あの光の槍といい、彼女らの魔法は人間のそれとは全く別の系統と見た方が良さそうである。軽くスキルツリーを調べるも、人間が習得できるものの一覧には見当たらない。
「では、早速ですが参りましょう。ラインバレル嬢、シュミット殿。馬車の荷物はこちらで回収をしておきます」
「……わかりました」
「ウォルター神父は、我が隊から二人出して王国側にお送りしましょう」
「いえ、それは結構です。私も教会戦士の端くれ。先の様な大物でもなければ、自力で突破してみせますとも」
「……承知しました」
朗らかに笑うウォルター神父に軽く一礼した後、レイベル隊長が背後を振り返る。
そこにちょうど、四人のヴィーヴルが大きな駕籠を支えながら着地する所だった。
……表情にこそ出さなかったが、そのデザインにちょっと面食らう。
人が数人乗れそうな程大きい事と、上に駕籠者が担ぐ棒が通っていない事を除けば、どこからどう見ても時代劇でお偉いさんが乗っていた駕籠そっくりなのだ。
西洋ファンタジー全開の空間にそんな物がある事に、思わず二度見しそうになる。
だがまあ、よく考えれば前世で見聞きする西洋ファンタジーなんて大概『侍』とか『忍者』とか出てくるのだ。

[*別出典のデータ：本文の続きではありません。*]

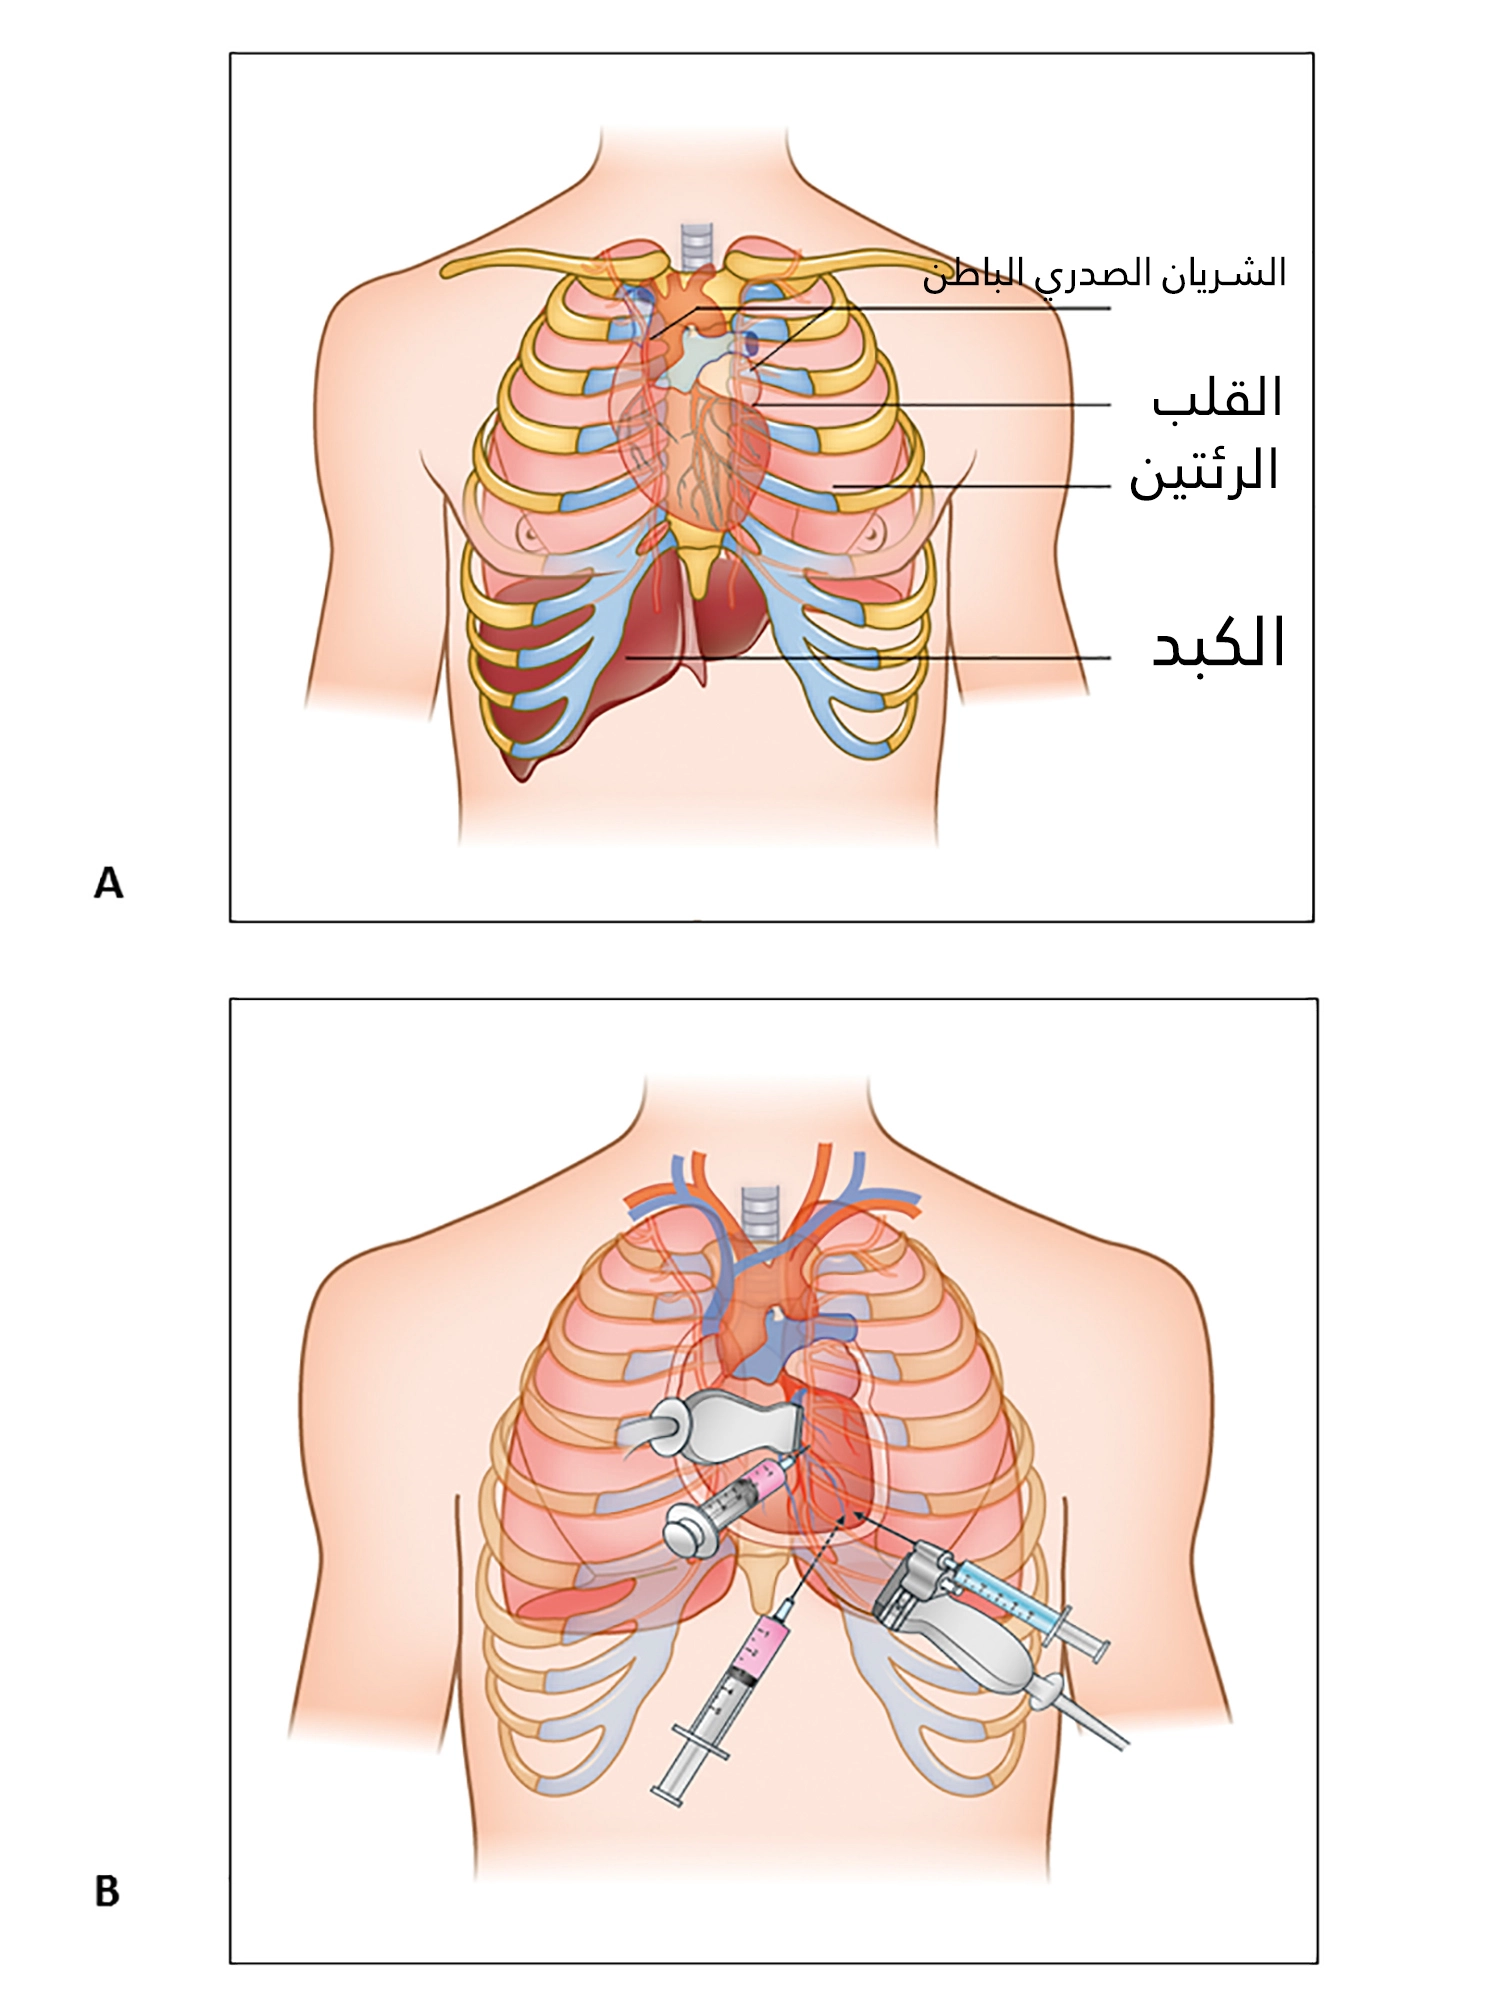 Sometimes pericardiocentesis is curative, as in the case of pericardial effusion

そこまで違和感もない。
何より、ヴィーヴルの里には聖女が関わっている。こういう事もあるか。
「……なにか?」
「いえ。見慣れない物だったので、少し驚いていました」
「……そうですか」
じっと、レイベル隊長の宝石がこちらを見ている気がする。まるで観察でもするかの様に。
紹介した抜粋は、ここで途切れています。